Even as a melody is not composed of tones, nor a verse of words, nor a statue of lines—one must pull and tear to turn a unity into a multiplicity—so it is with the human being to whom I say Thou. I can abstract from him the color of his hair or the color of his speech or the color of his graciousness; I have to do this again and again; but immediately he is no longer Thou.

Buber’s words feel important to me because of my work in the hospital which is so difficult to describe to others. Now I have a language for the difficulty. I see now that my strong resistance when someone suggests that I write about my “experiences” in the hospital is this: I am resisting the conversion of an I-Thou relationship into an I-It. When I describe these encounters to Bettina over dinner, I’ve been aware of the discomfort of that transition without having words for it. It is Bettina’s deep personal knowledge of I-Thou that makes it possible for her to convert my tales of the hospital back to I-Thou. By knowing how to translate what could be heard as an I-It into an I-Thou she gives me the great gift of being able to revisit the relational world of the hospital without betraying its essential nature.

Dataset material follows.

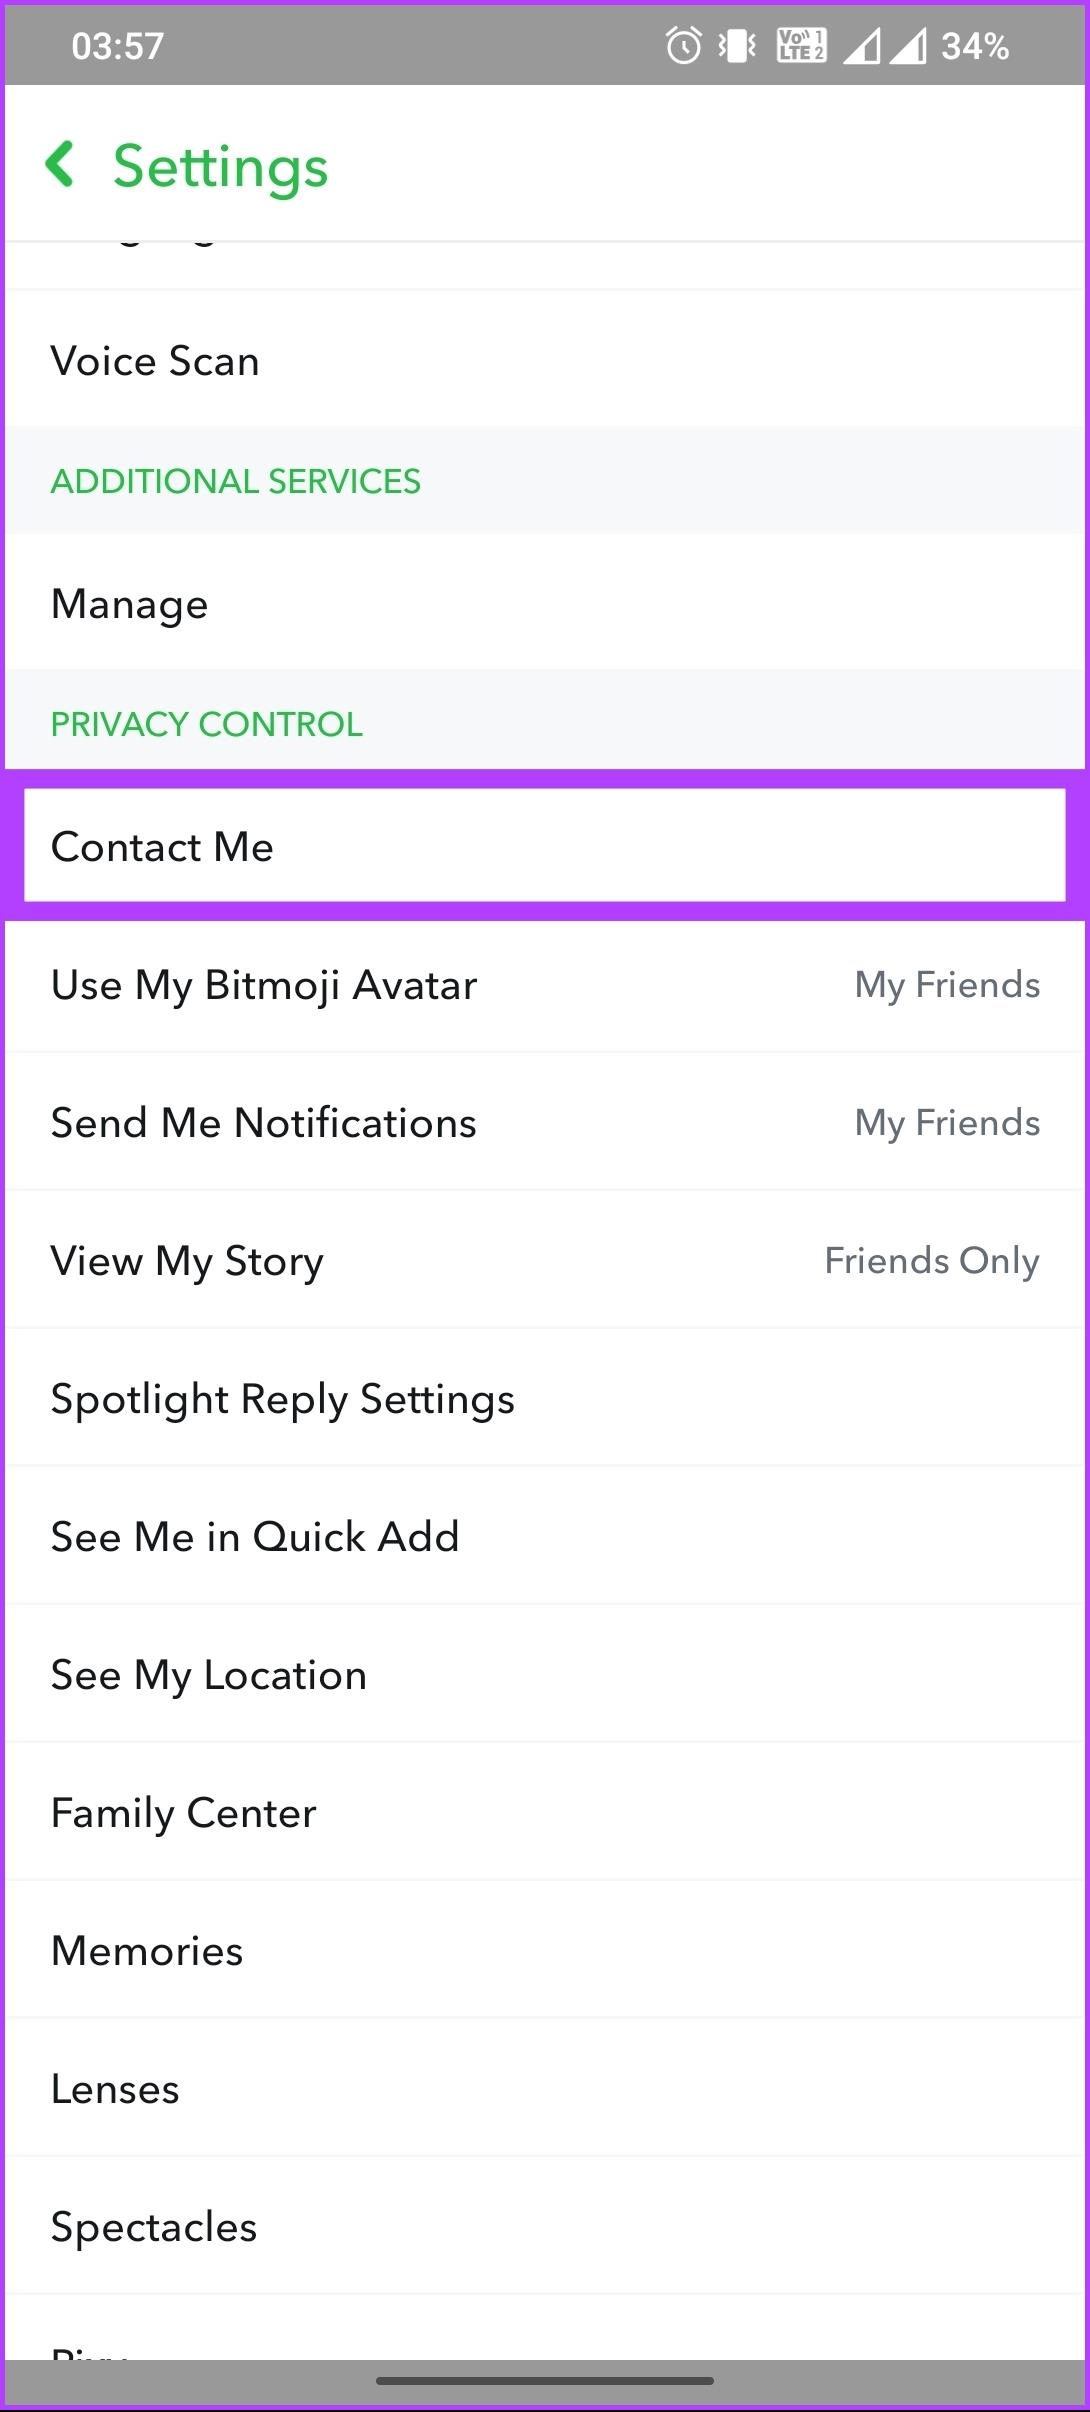 Snapchat에서 친구를 삭제하는 방법: 2가지 빠른 방법

All of us, I believe, have had experience of I-Thou—perhaps with a pet or with a lover or a child or in nature. (Buber famously makes it clear that an I-Thou relationship with a tree is perfectly possible.) Perhaps in listening to music or painting or reading or writing. So often we box the experience and label it (I’m happiest when I’m hiking, my closest relationship is with my cat, I couldn’t live without music). We go on to live most of the rest of our lives in I-It, which of course society urges us to do.

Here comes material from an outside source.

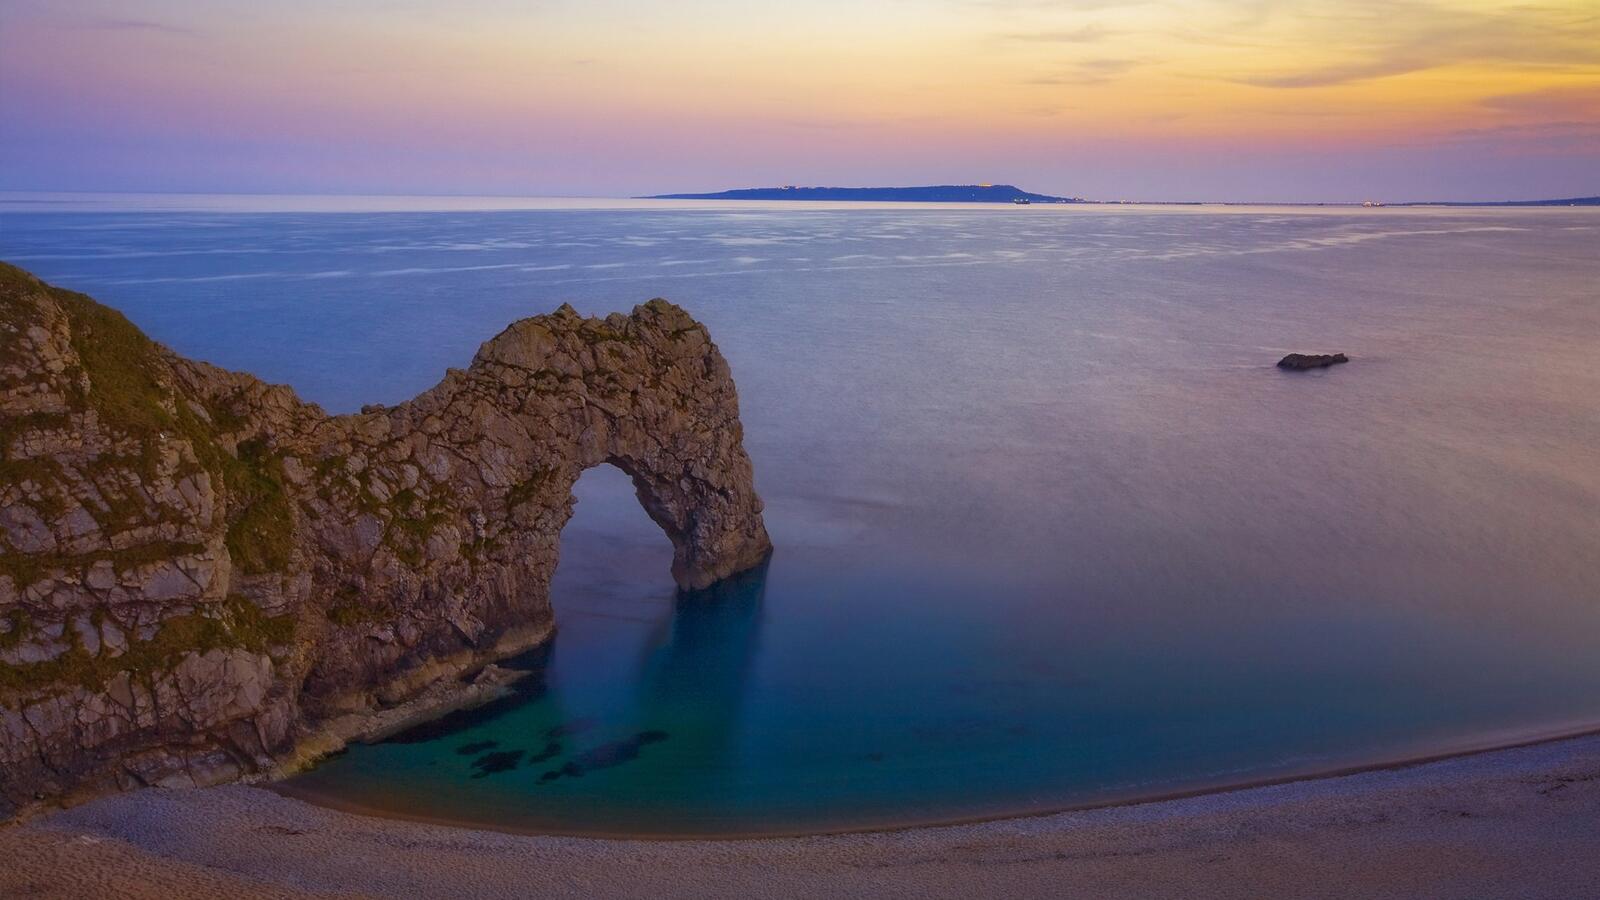 Бесплатное фото Скала на берегу пляжа с выступом в виде арки

Moving between I-It—the realm of using, analyzing, comparing, explaining—and I-Thou, the realm of interbeing, is the same as moving between conventional reality and ultimate reality. As Buber confirms, in order to survive we must go back and forth between them. It feels helpful to have this language as one way of recognizing when we are partaking of ultimate reality, whether in a grocery store or a forest. It feels important to me to develop an ever more subtle awareness of our movement between worlds.

The world of It is the world in which one has to live and also can live comfortably, and that even offers us all manner of incitements and excitements, activity and knowledge. In this chronicle of solid benefits the moments of the Thou appear as strange lyric and dramatic episodes.

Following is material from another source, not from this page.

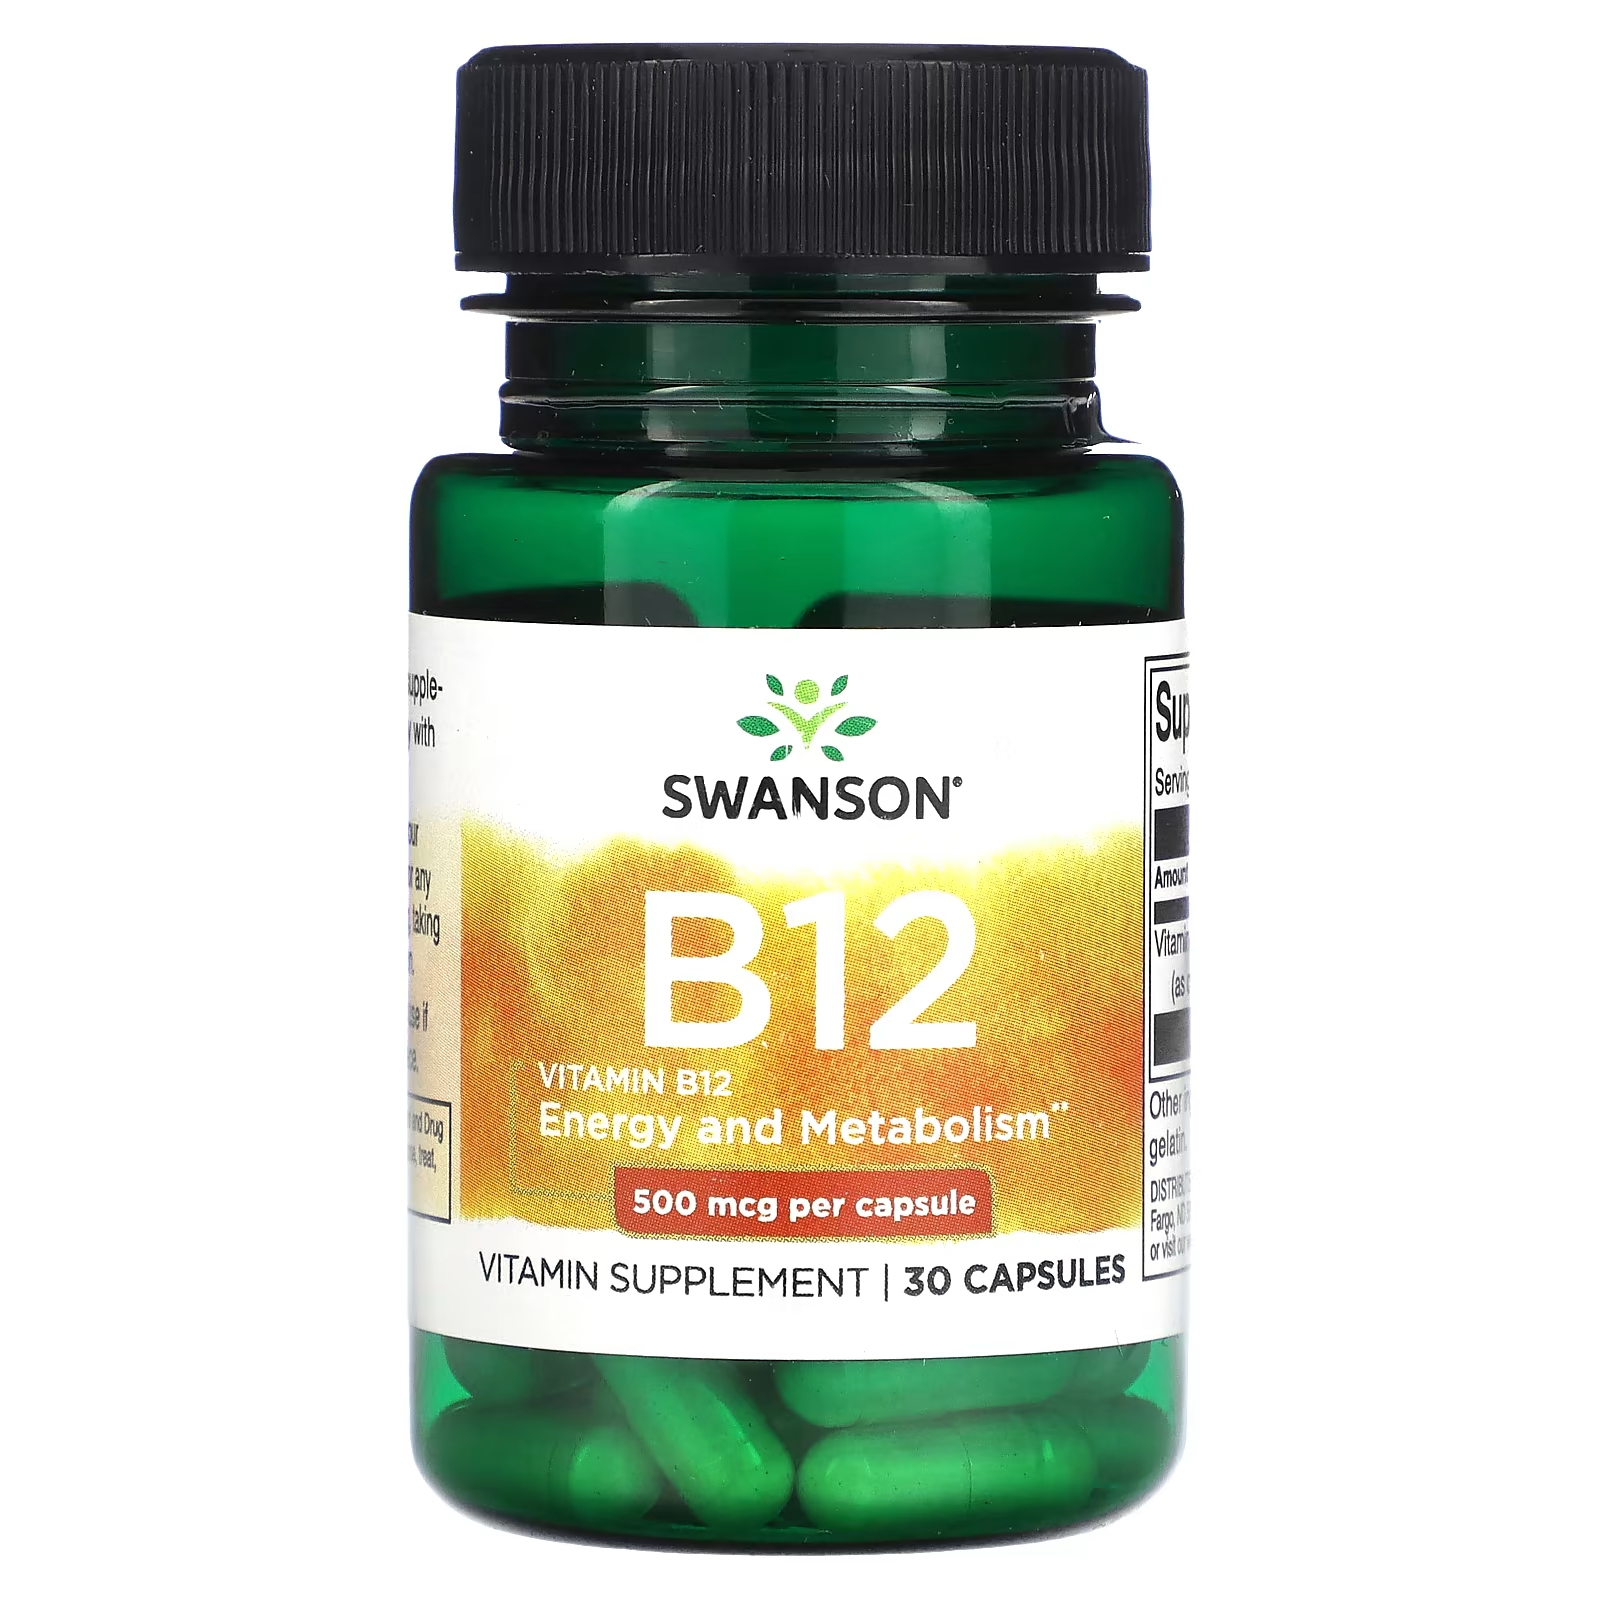 биологически активная добавка naturesplus shot o b12 5000 мкг 30 таблеток Биологически активная добавка Swanson витамин B12, 500 мкг., 30 капсул

It comforts me to be confirmed in my sense that those of us who want to live as much of life as possible in an I-Thou relation to people and things must appear as queerly privileging “strange lyric and dramatic episodes” over the excitements and activities and knowledge of the “real” world. And to once again be comfortable with my queerness.

* * *

Experiencing non-self is really experiencing I-Thou towards one’s own being. Just as with others, instead of experiencing myself as an It, I can perceive myself as a Thou—or as Krishnamurti says, as a human being, not an individual, wearing my “stories” and distinctive qualities very lightly, and only for the purposes of negotiating our existence in an I-It world.

Empathy derives from I-It, compassion from I-Thou. (See January 31, 2005) Empathy takes what I know as an individual about pain or difficulty and projects it onto your (or a dog’s or a bird’s) individual situation. It shrinks us both. Compassion comes from an I-Thou space, remains open to the suffering that is in all of life, including yours (the dog’s, the bird’s) without projecting its own particular experiences of suffering. In its spaciousness, it also remains open to your Thou spirit, the flickering flame that resides, free of suffering, in you and myself and all of life.

Buber’s language clarifies the split I work with daily in the hospital (May 3, 2010) between spirituality and religion. Spirituality is I-Thou. Religion can too often set up an I-It relationship to “God,” personifying, turning Spirit into an individual to be used, manipulated, frightened of, placated, entreated, obeyed, revered.

Whoever knows the world as something to be utilized knows God the same way. His prayers are a way of unburdening himself—and fall into the ears of the void. He—and not the “atheist” who from the night and longing of his garret window addresses the nameless—is godless.